Mechanistic Models for the Prediction of CO₂ Corrosion Rates under Multi-phase Flow Conditions Available to Purchase

A methodology for CO₂ corrosion rate prediction is presented which is based on mechanistic modelling. The effect of fluid flow is included, which hitherto often has been ignored. Examples of corrosion models shown are a simple Limiting Corrosion Rate (LCR) model and a more advanced numerical model. The former is based on mass transport considerations, whereas the latter also includes reaction chemistry and electro-chemistry. Linking of corrosion rate predictive models with models for gas/liquid multi-phase flow is dealt with.

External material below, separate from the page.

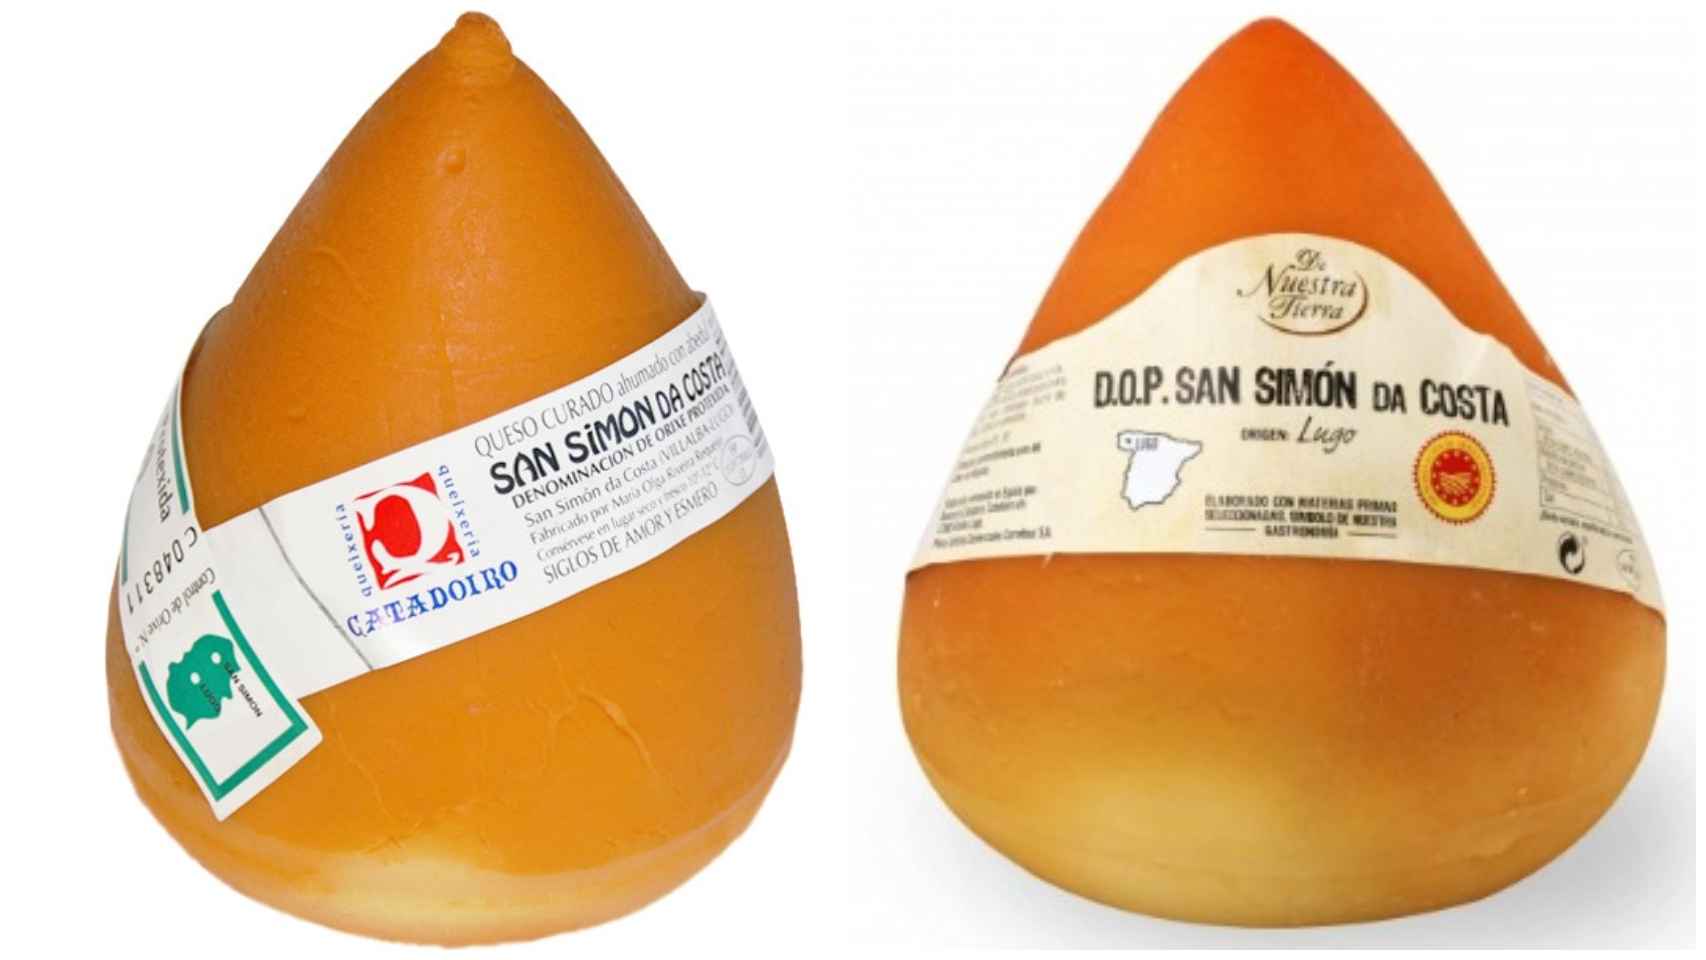 A la izquierda, el queso con D.O. San Simón da Costa Catadoiro y, a la derecha, el De Nuestra Tierra, una marca propia de Carrefour.

The (LCR) model provides a theoretical upper limit for the corrosion rate based on the assumption that the rate-determining steps are the transport and production of protons and carbonic acid in the diffusion and reaction boundary layers. Comparison with experimental data confirms the LCR model to provide an upper limit indeed. For flow velocities below 3 m/s and non-scaling conditions, there is reasonable agreement with single-phase flow experimental data with pH’s controlled by the CO₂ partial pressure. Including charge transfer kinetics provides a way to get agreement also at higher flow velocities. For flow velocities around 1 m/s, corrosion rates do not deviate too far from the "deWaard-Milliams" nomogram values. Comparisons for multi-phase flow conditions reveal that both further modelling and more and better experimental data are needed.